-- Exercise --
Since the listing below shows pictures, leave them out and write out exactly the lines from the line with "Aquaな露天風呂Vol.127 盗撮師作品 |" to the line with "GraphicRiver Repair Hammer 10769615", both included, and no others.

-- Data for review --
•••••

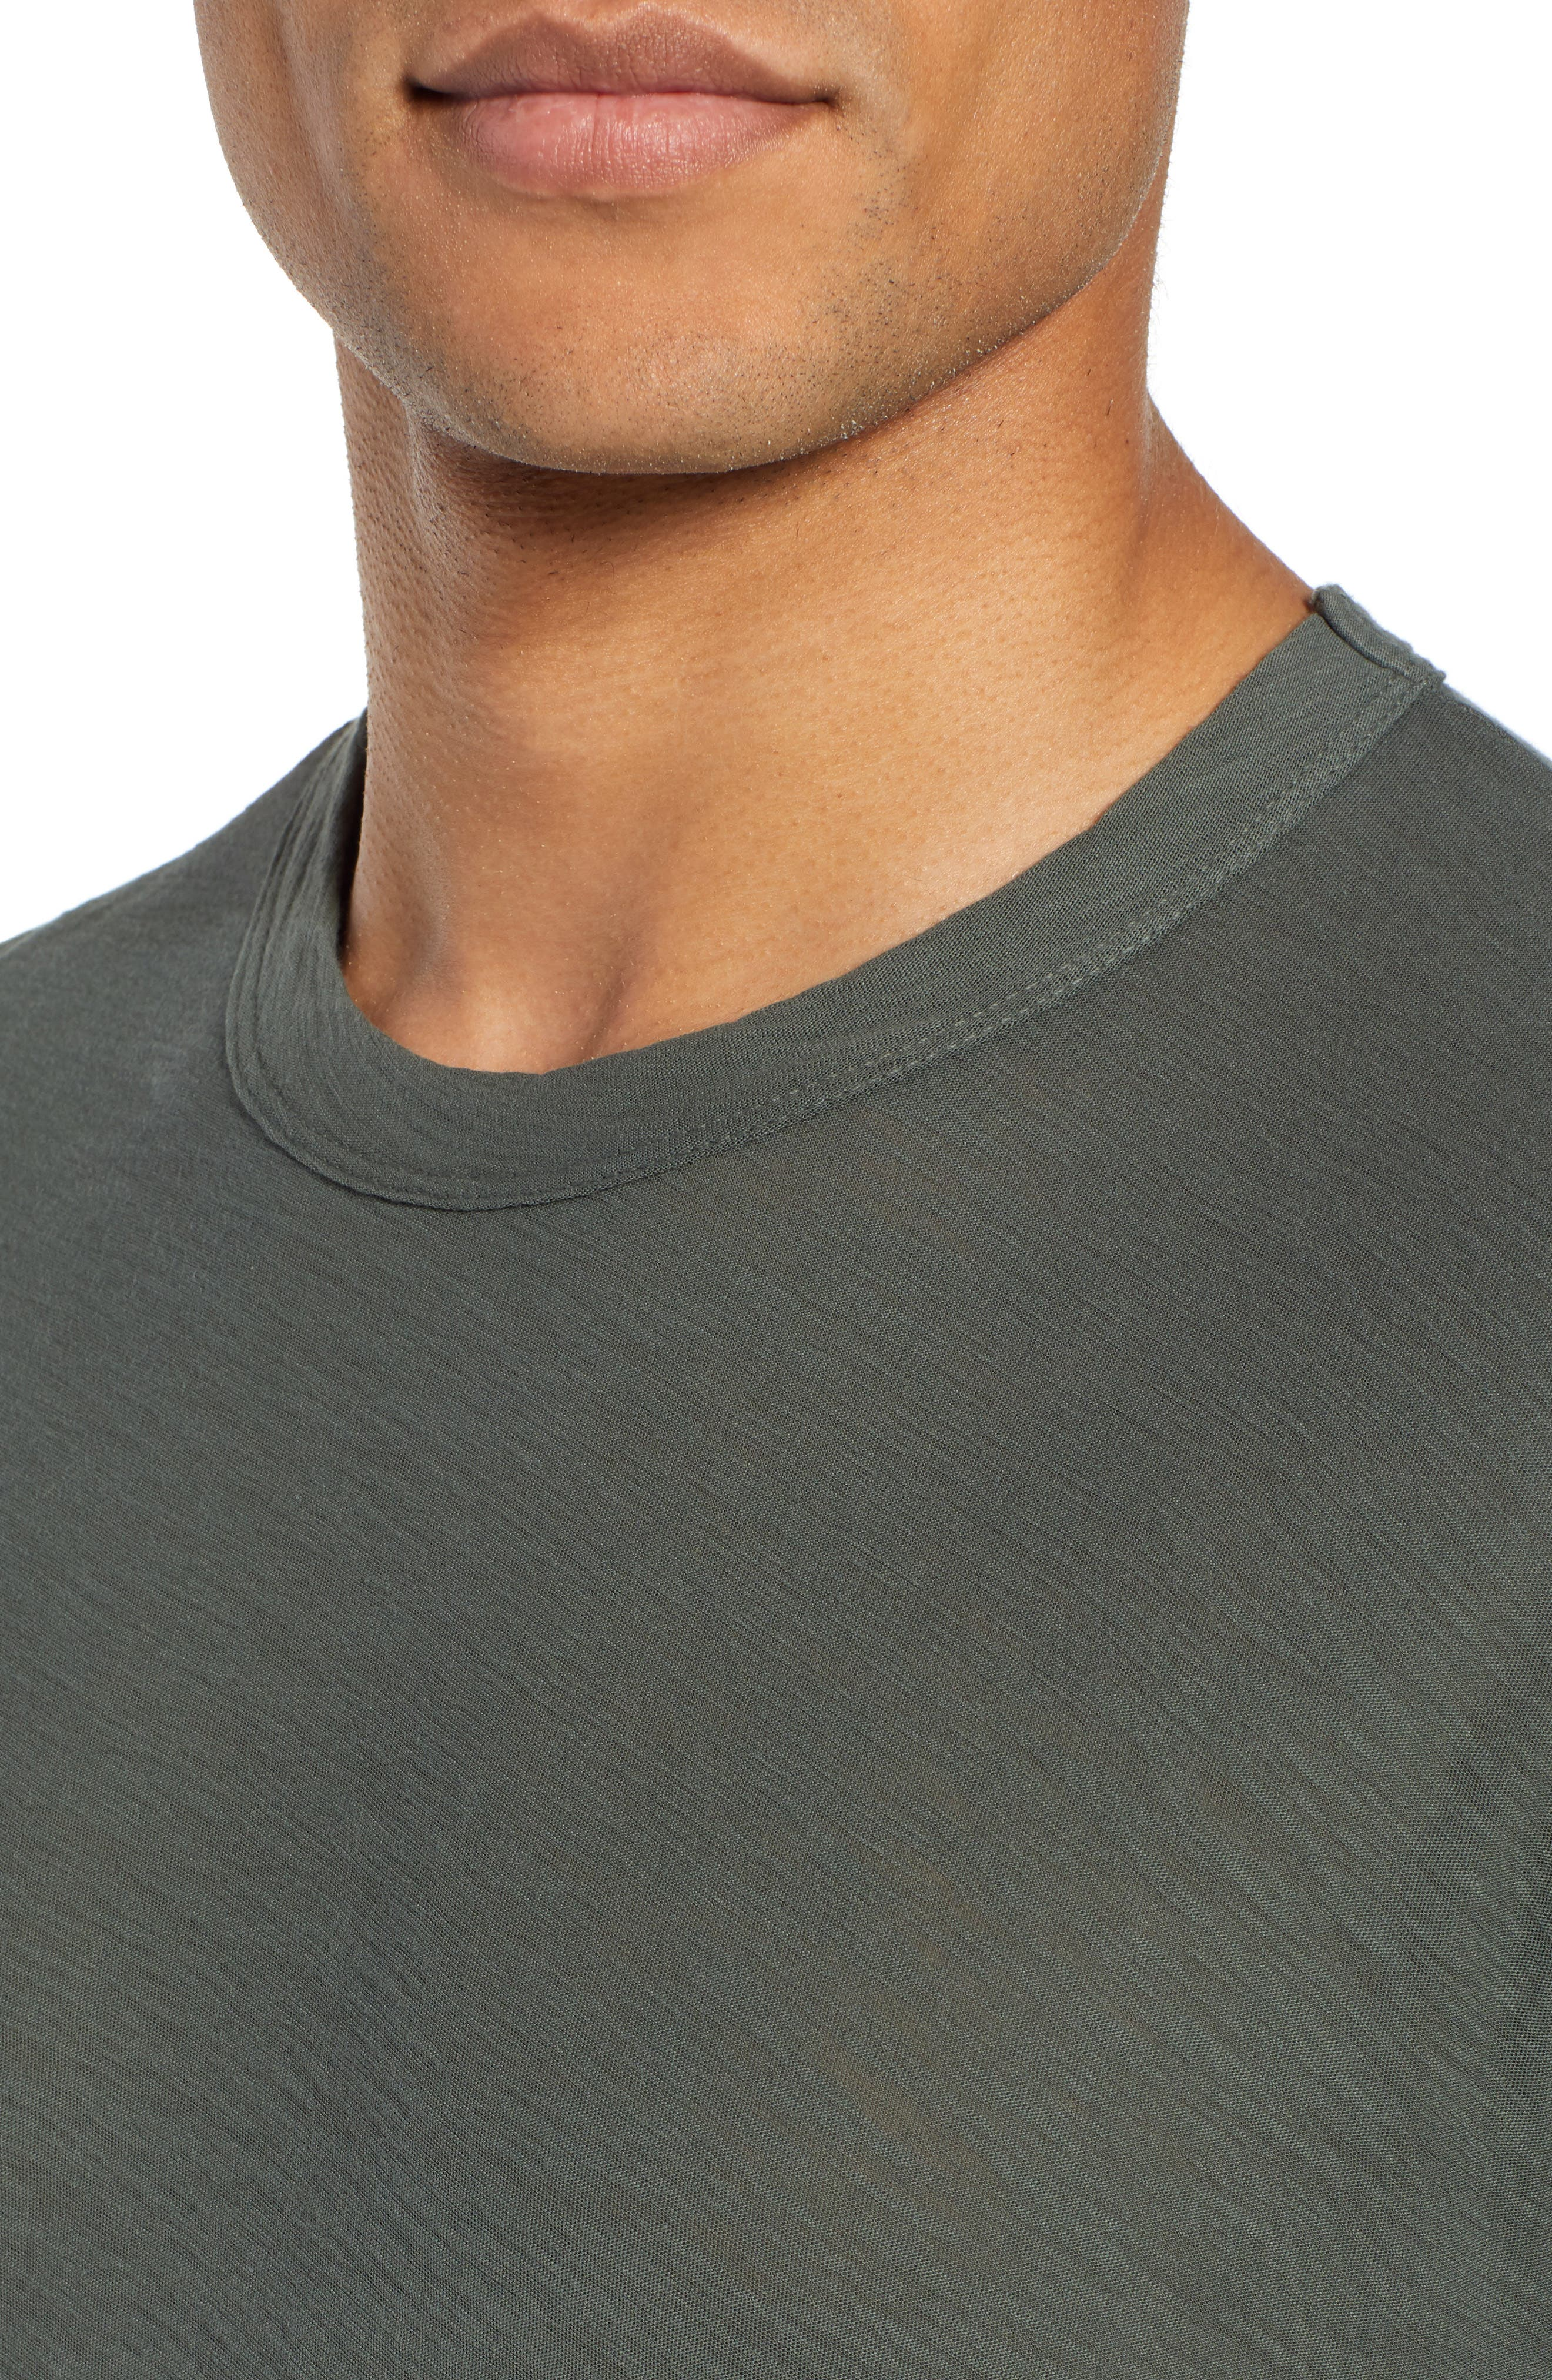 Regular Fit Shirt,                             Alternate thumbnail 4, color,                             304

•••••

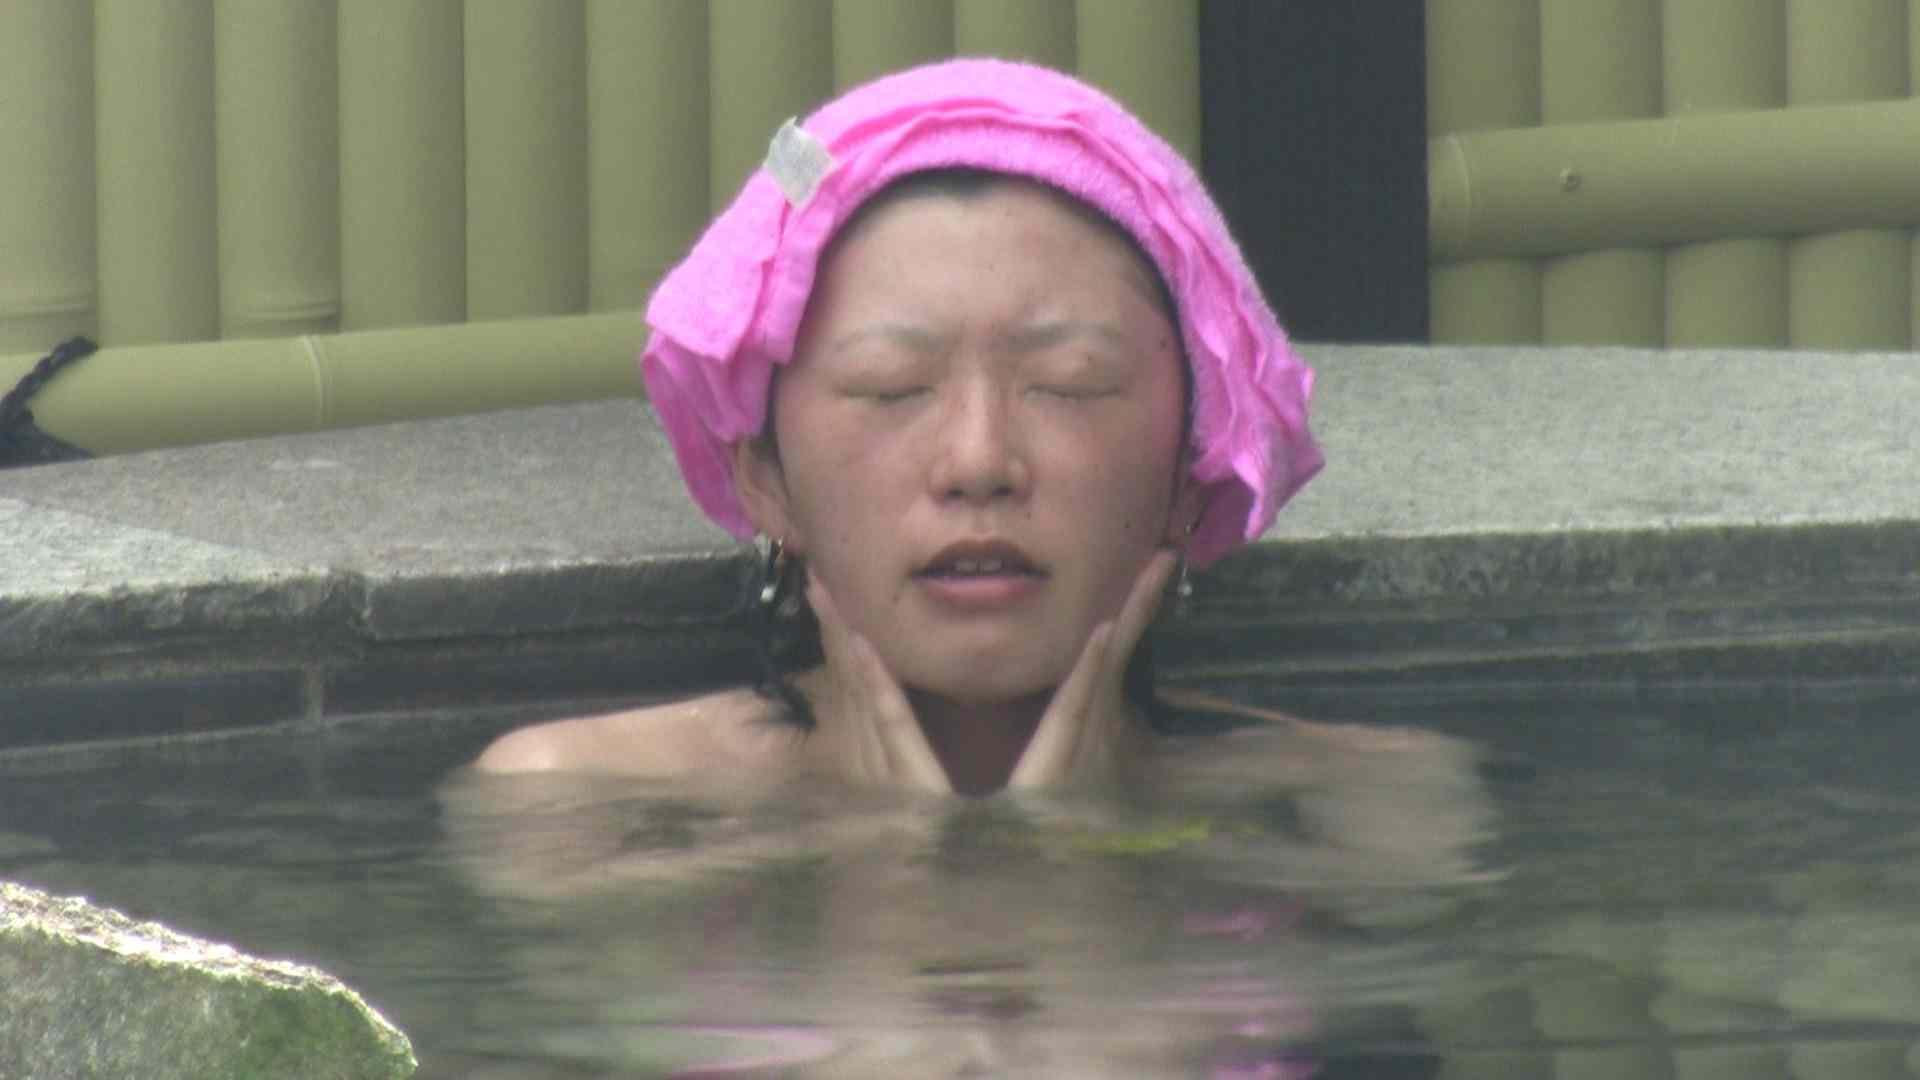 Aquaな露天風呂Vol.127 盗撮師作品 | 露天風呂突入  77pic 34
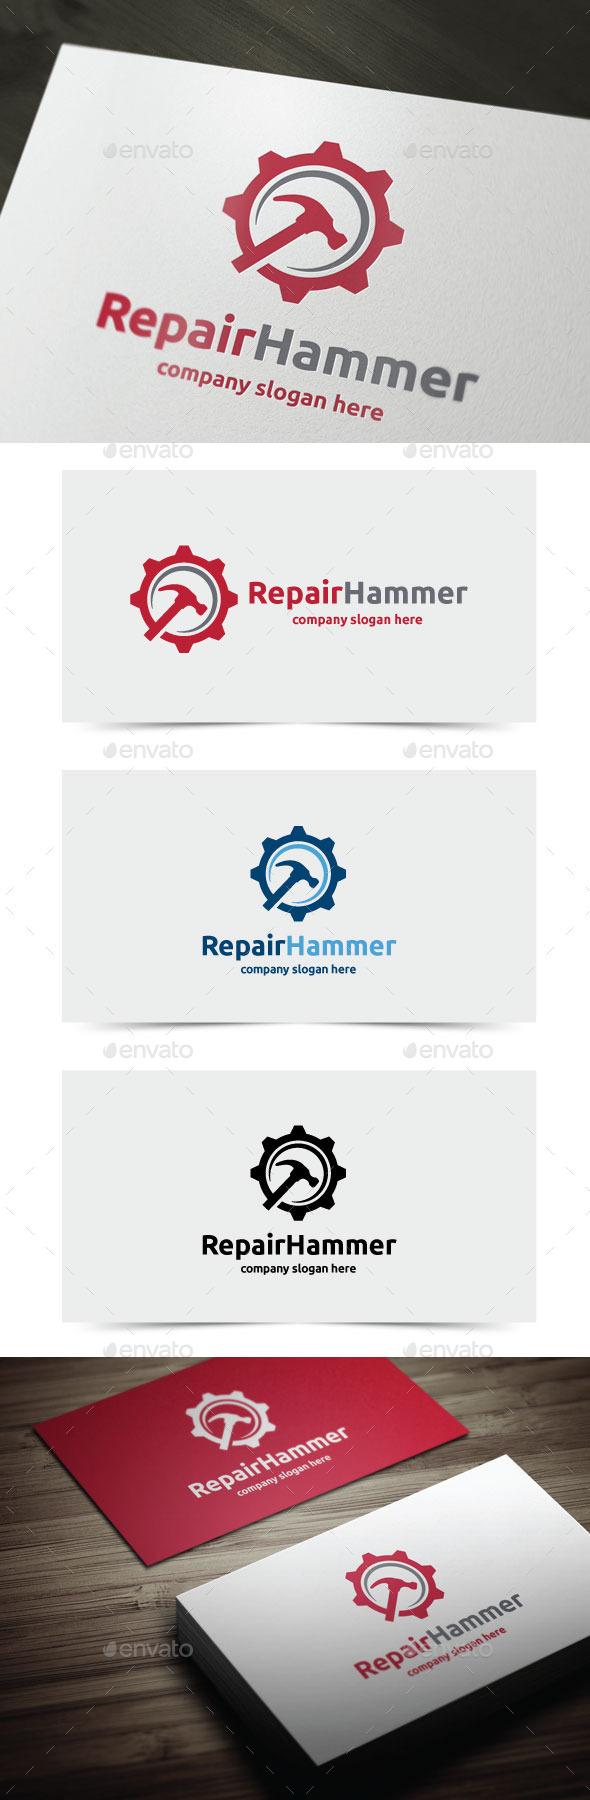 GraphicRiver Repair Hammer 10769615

•••••

-- Written solution --
 Aquaな露天風呂Vol.127 盗撮師作品 | 露天風呂突入  77pic 34
 GraphicRiver Repair Hammer 10769615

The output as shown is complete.